EXERCISE DETAILS.
Please repeat, exactly and without pictures, the lines of the entries below that run from the one containing "Charte des sciences" through the one containing "北京燕宝汽车所获得的吉尼斯世界纪录证书".

RECORDS PROVIDED.
►
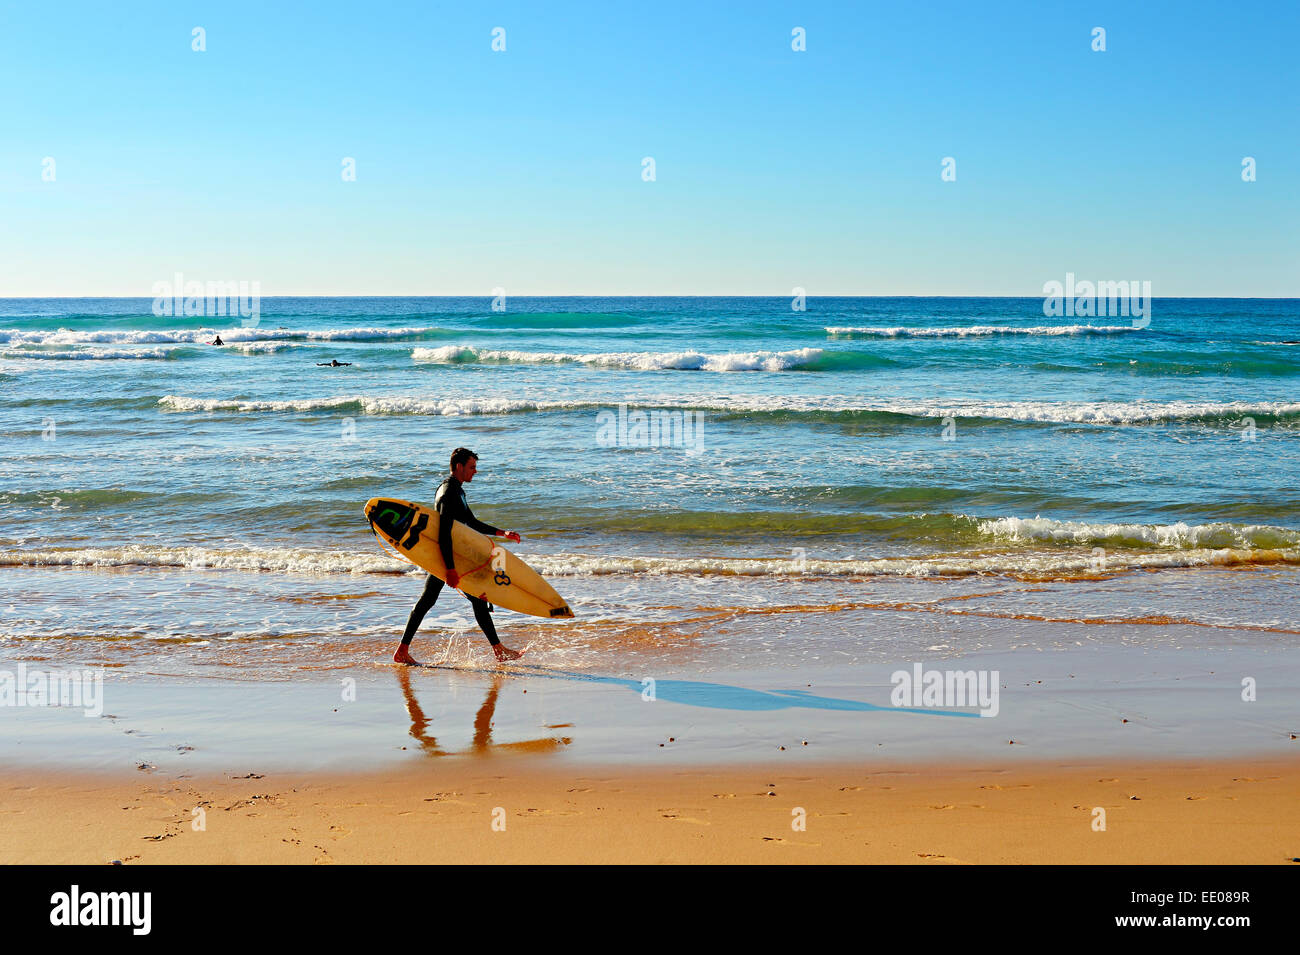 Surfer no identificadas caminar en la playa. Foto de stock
◄
►
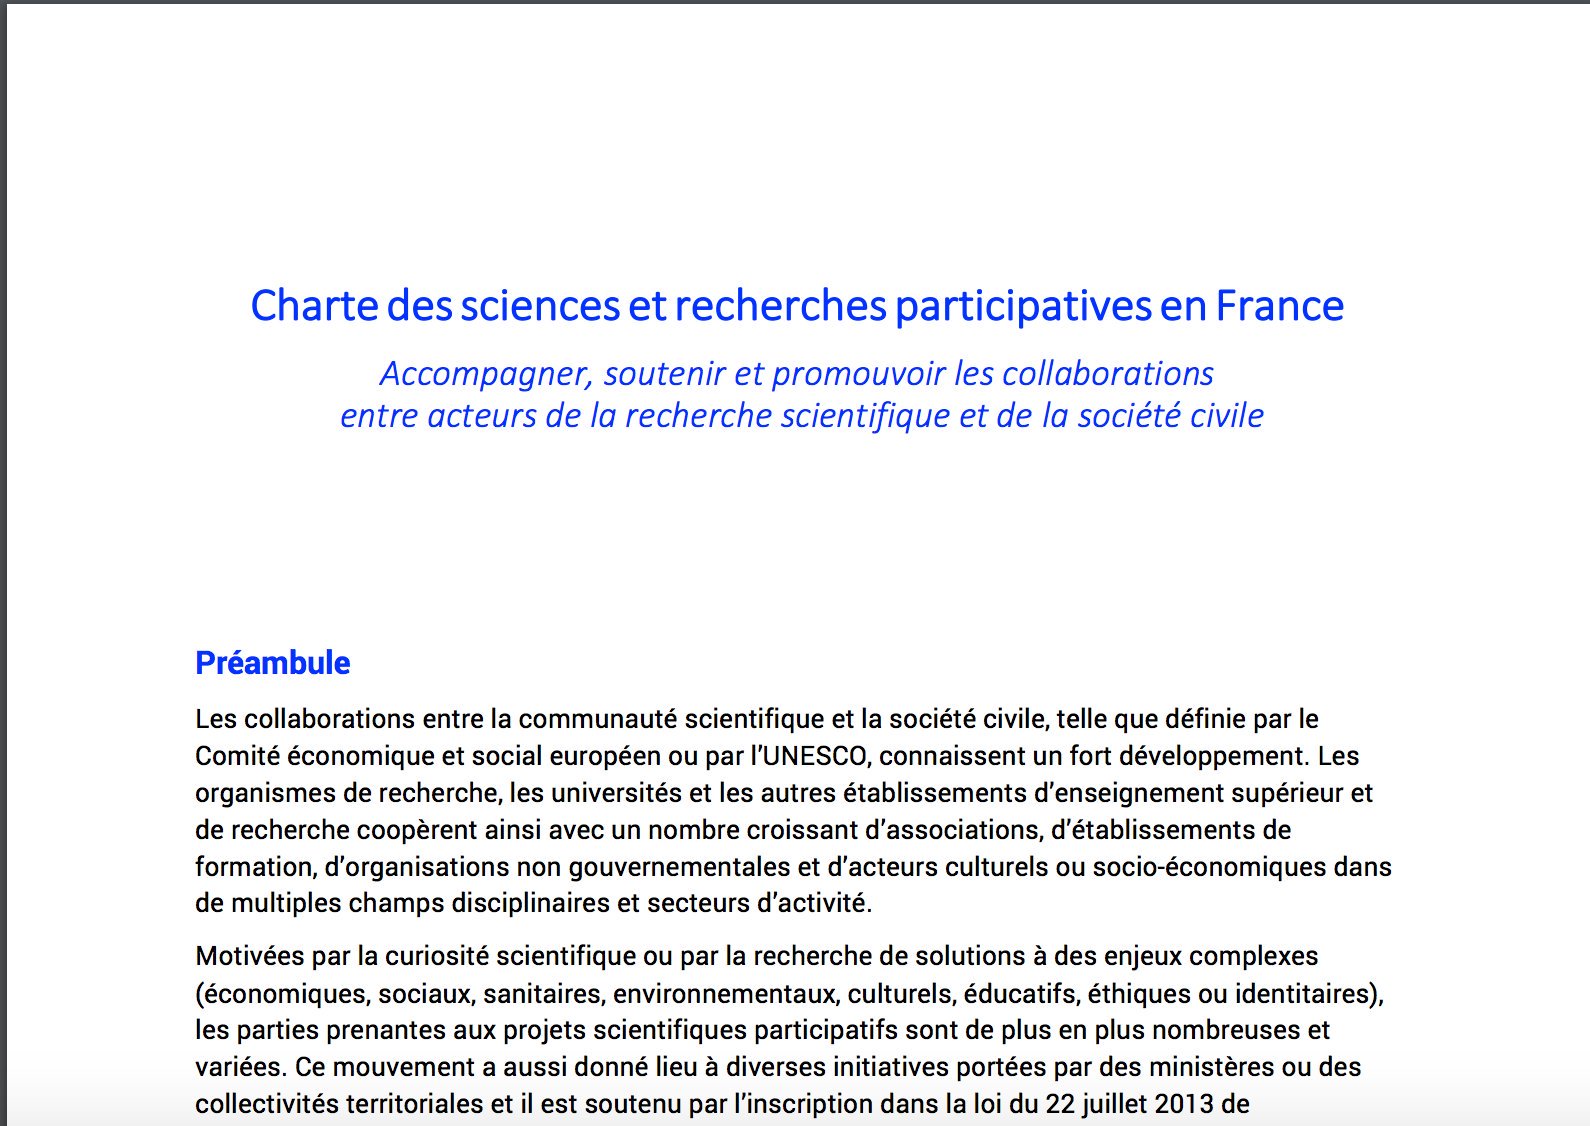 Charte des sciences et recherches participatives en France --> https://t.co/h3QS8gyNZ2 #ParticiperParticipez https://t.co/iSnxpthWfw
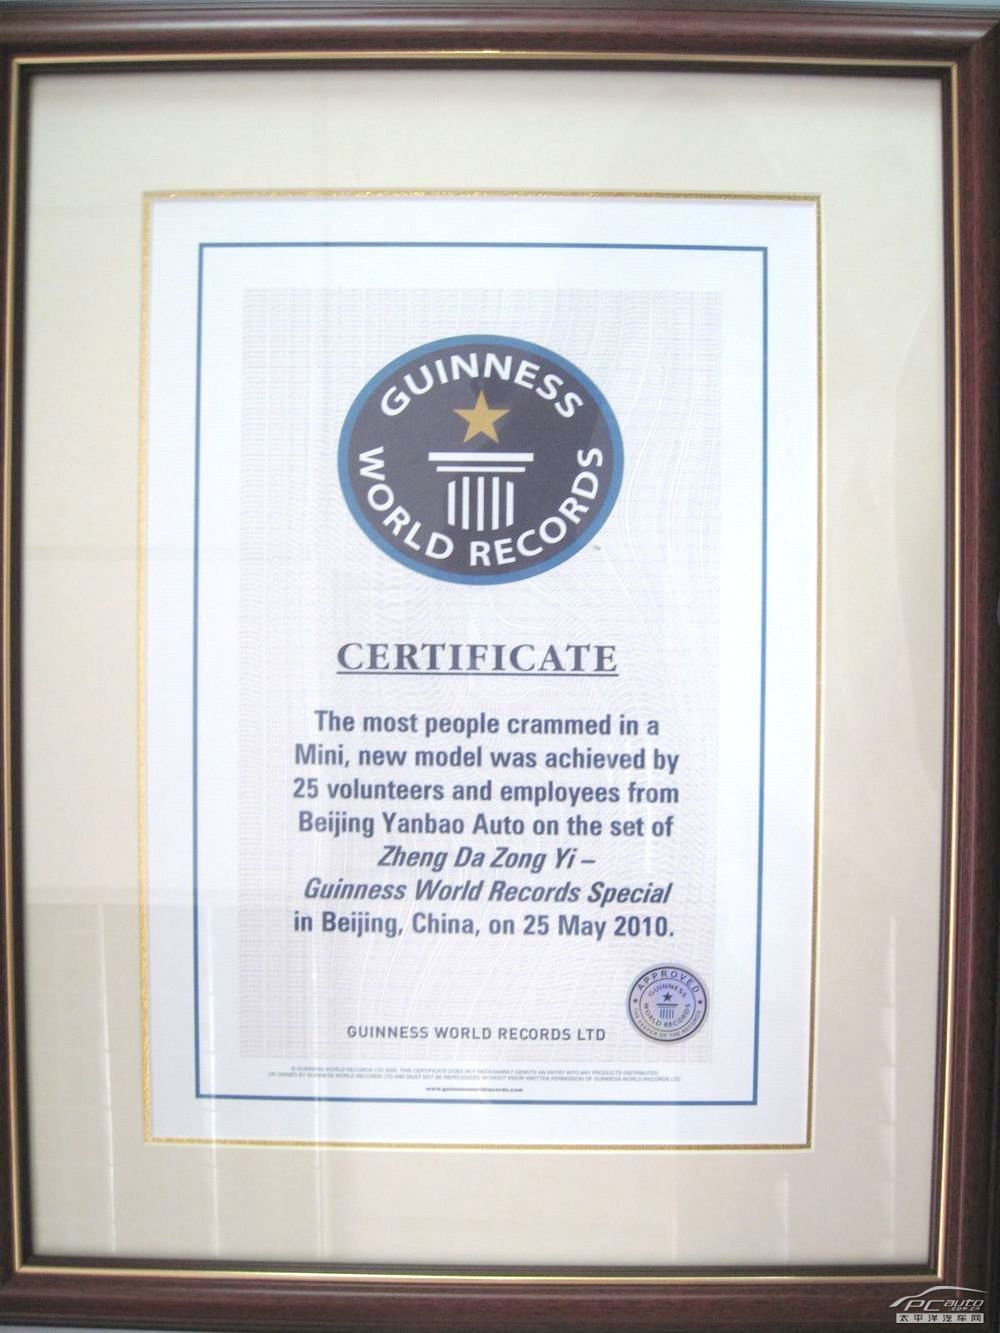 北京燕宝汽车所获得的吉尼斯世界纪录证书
◄
THE ANSWER.
 Charte des sciences et recherches participatives en France --> https://t.co/h3QS8gyNZ2 #ParticiperParticipez https://t.co/iSnxpthWfw
 北京燕宝汽车所获得的吉尼斯世界纪录证书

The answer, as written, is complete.